= Naftoli Shapiro =

Rabbi Naftoli Shapiro (נפתולי שפירא; 1906-1981) was an Orthodox Talmudic scholar and rosh yeshiva in Glasgow for 40 years.

Born in 1906 in the town of Mir, Poland, Rabbi Shapiro studied at the prestigious Mir yeshiva from the age of twelve. He also learned at the Raduń Yeshiva and was a pupil of the Chofetz Chaim. Rabbi Shapiro studied at the Łomża yeshiva, where he was appointed teacher to senior students preparing for semicha. He studied in the Łomża Kollel under the renowned Gaon Rabbi Aaron Yosef Bakst.

Due to a directive from Rabbi Elchonon Wasserman for a permanent yeshiva with a head to be set up in Glasgow, a "call" was sent to Rabbi Shapiro, who arrived to lead the fledgling institution in 1936, three years after its founding.

Rabbi Shapiro went on to lead the yeshiva for forty years until 1976. During this period, he married a daughter of Rev. Dr. Israel W. Slotki of Manchester and founded the Glasgow Vaad Hayeshivos (yeshiva council), the Tiferes Bochurim youth movement and the Sabbath Observance Organisation. He also obtained an MA from the University of Glasgow. In 1956, he was appointed rabbi of the newly amalgamated Great Central Synagogue, Glasgow, and later became vice-president of the Glasgow Association of Rabbis.

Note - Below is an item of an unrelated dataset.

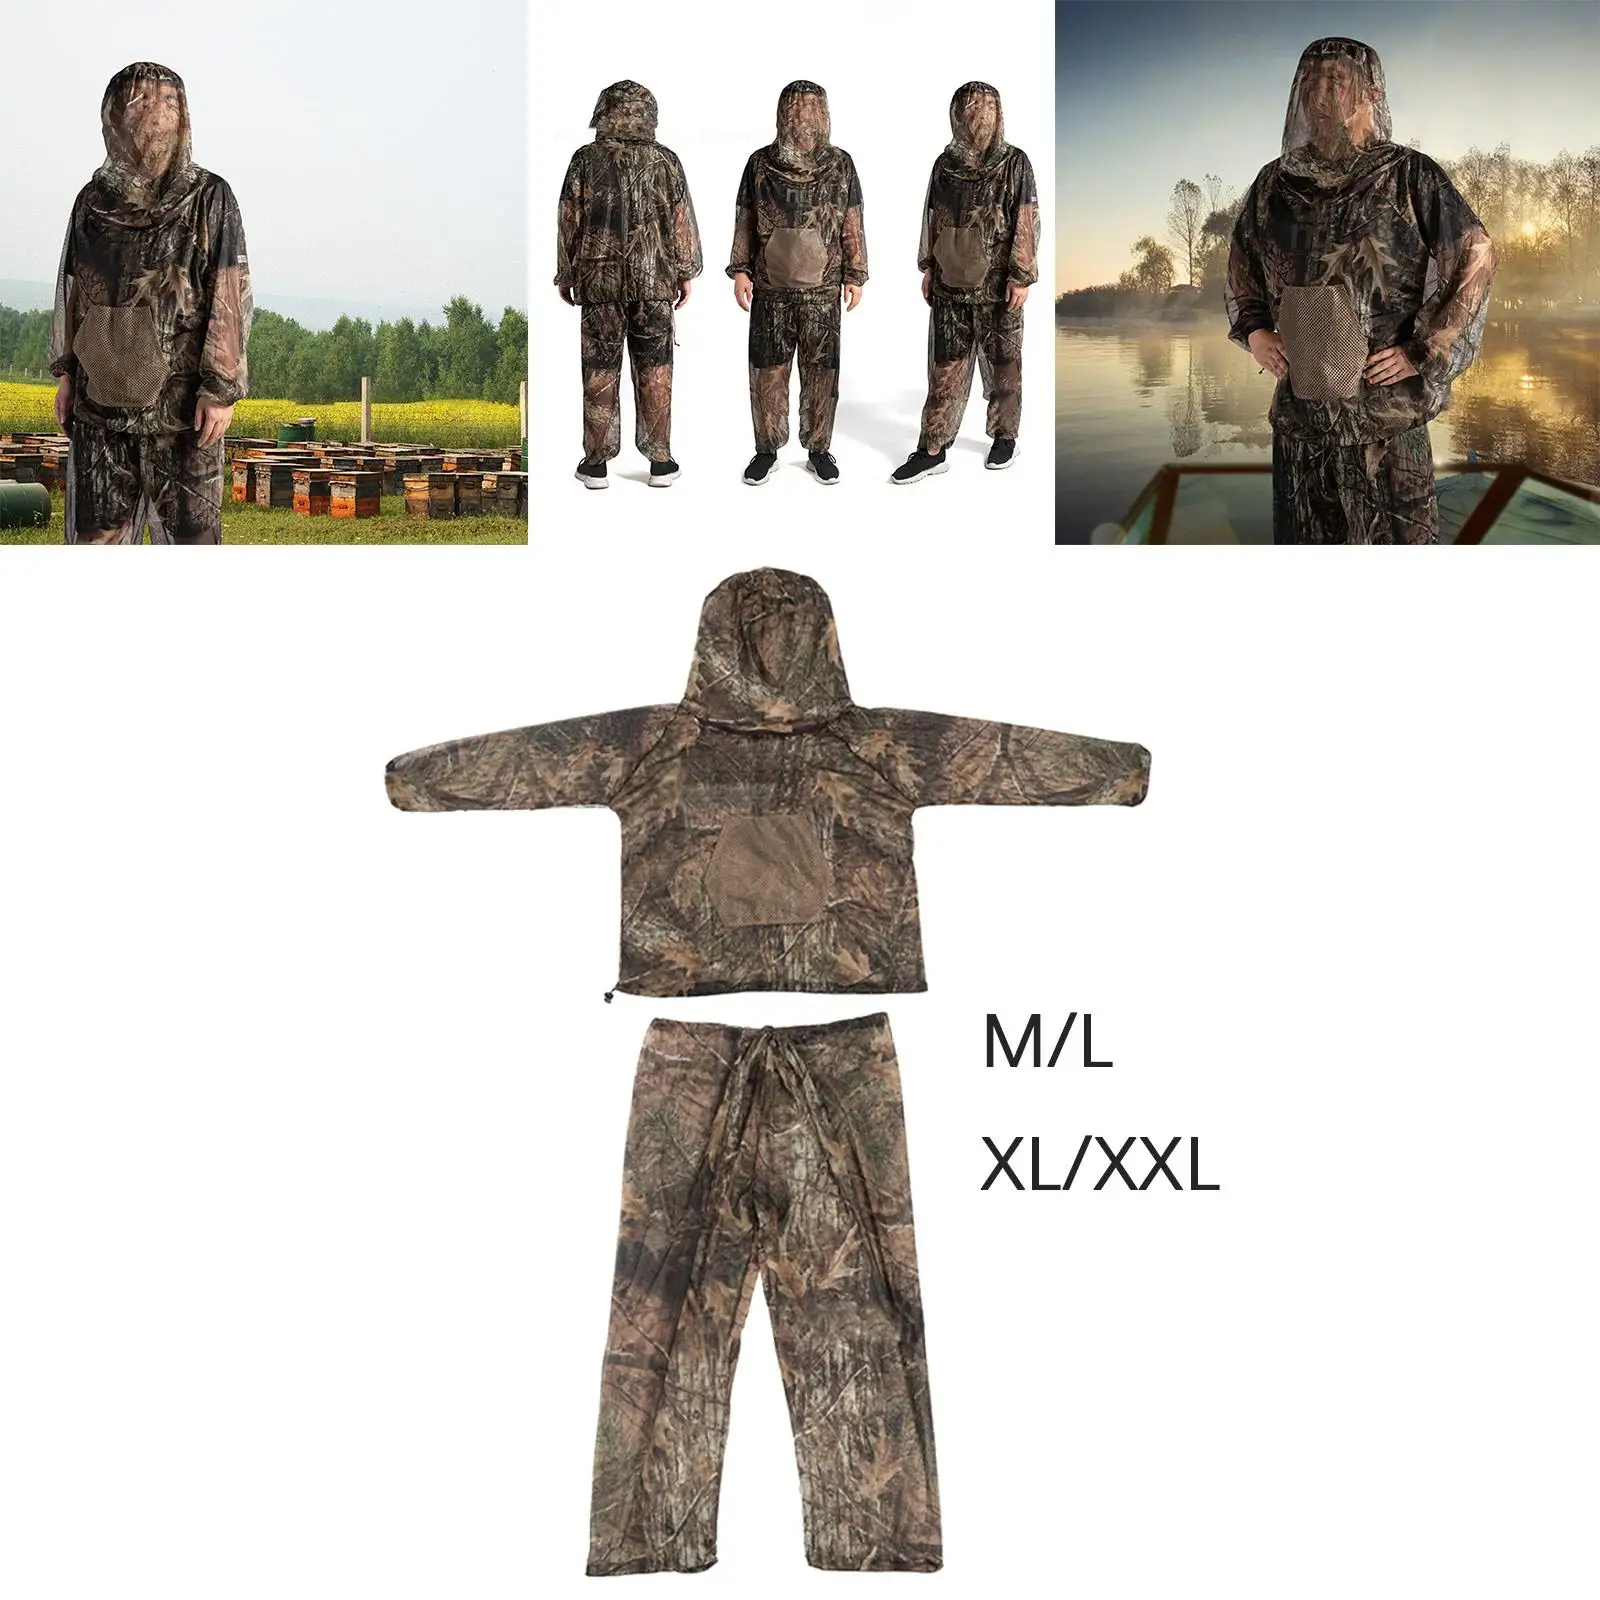 Lightweight Anti Breathable Mesh ed Full Protection Coveralls

During his extensive tenure in Glasgow, Rabbi Shapiro delivered several long-running shiurim in the city and lectured extensively; he was a tireless advocate of traditional Jewish life and learning. Rabbi Shapiro retired to Jerusalem in 1976, where he died in 1981. He was buried on Har HaMenuchot, and eulogies were delivered by the head of the Vaad Hayeshivos and the rabbi of the Gerrer shtibl where Rabbi Shapiro prayed in his final years. He was survived by his widow Shulamit Rose.